Wants all IONS members and Indian Ocean littorals to be part of it

November 13, 2018 08:20 pm | Updated 08:20 pm IST - KOCHI

The Information Fusion Centre for the Indian Ocean Region (IFC-IOR) being commissioned by the Indian Navy as an adjunct to its Information Management and Analysis Centre (IMAC) in Gurugram will be independent of the Indian Ocean Naval Symposium (IONS) forum, but the Navy expects all IONS members and Indian Ocean littorals to be part of it, Chief of the Naval Staff Admiral Sunil Lanba has maintained.

The IFC-IOR, whose setting up in December this year was reported by The Hindu on Tuesday, would be sharing white shipping information [exchange of info on merchant vessels] alone with like-minded countries. India had white shipping agreement with 18 countries, but only 11 of them were operational, he said.

Exchange of classified, operational information, would be on the basis of bilateral agreements, independent of the centre. Admiral Lanba said the list of countries to be invited to be represented at IFC-IOR through liaison officers was being worked out with the Defence Ministry.
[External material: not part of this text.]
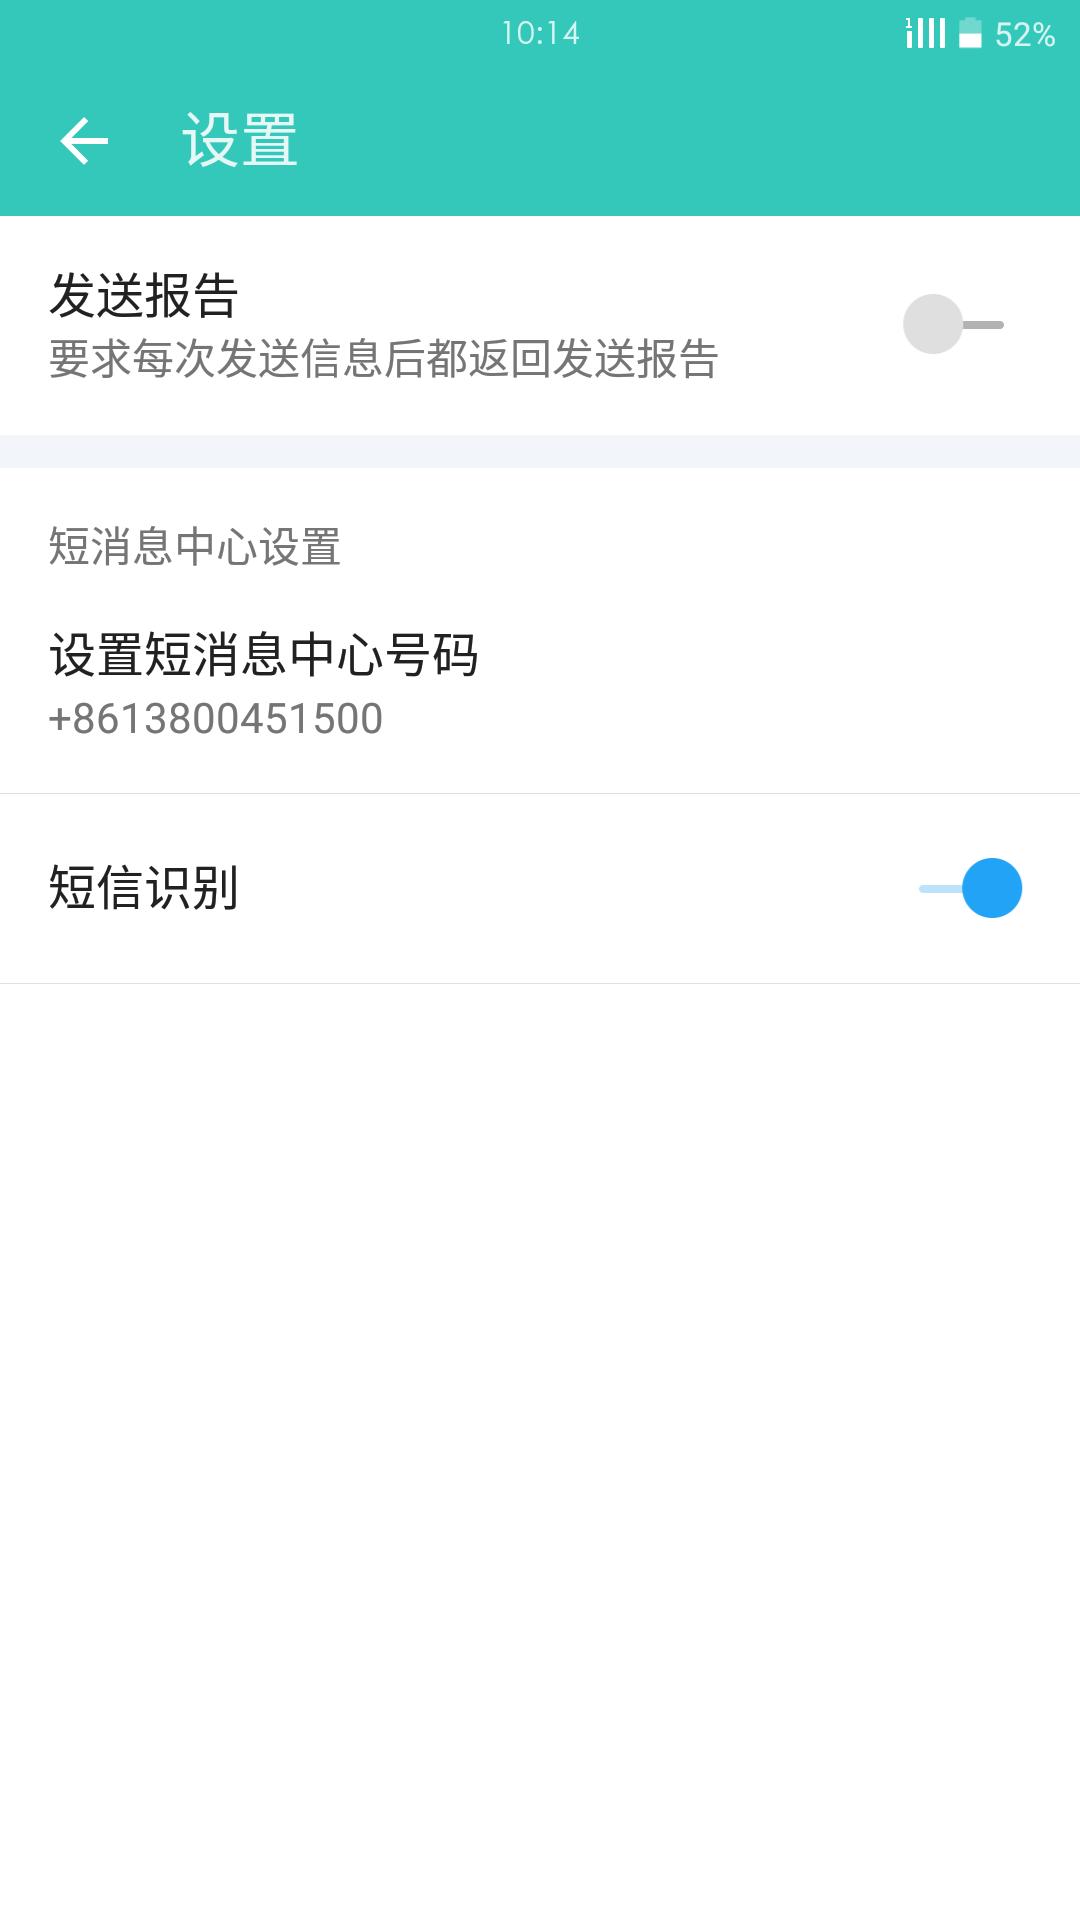 Screenshot_2015-08-15-10-14-12.png

To a query on its ways to check the growing influence of China in the Indian Ocean, Admiral Lanba said that over the last one year, the Navy was making mission-based deployments, permanently deploying its vessels at all egress and entry points of the Indian Ocean to monitor movement of ships, including that of China’s People’s Liberation Army (Navy). Besides, air patrols were also undertaken. It also undertook several capacity and capability building initiatives with several like-minded nations in the IOR for the purpose.

Earlier, addressing the 10th anniversary commemorative seminar of IONS, he said the seas were too large for any one Navy to secure them singlehandedly and “our ability to work in coordination with other stakeholders will enhance the effectiveness of our individual efforts manifold.” He said faced with common challenges, the IONS members had accrued enormous benefits by sharing experiences, best practices and formulating standardised procedures to improve coordination and interoperability. The forum, he said, had come a long way in the past 10 years.

On training, he said the Navy trained about 1,000 foreign officers and sailors each year and this year alone, naval personnel from 33 countries were trained at Indian naval training establishments. As part of its efforts at capability enhancement, it had begun to give sea training too. “The [Kochi-based] Flag Officer Sea Training (FOST) organisation recently carried out work up of a Malaysian ship. Earlier, it was given to Seychelles, Sri Lanka and Mauritius.” Admiral Lanba said the IONS would also see if there could be a working group on training.

The demand for a standing force for the forum would be looked into by a working group. “But it will take sometime to arrive at a consensus on this,” he added.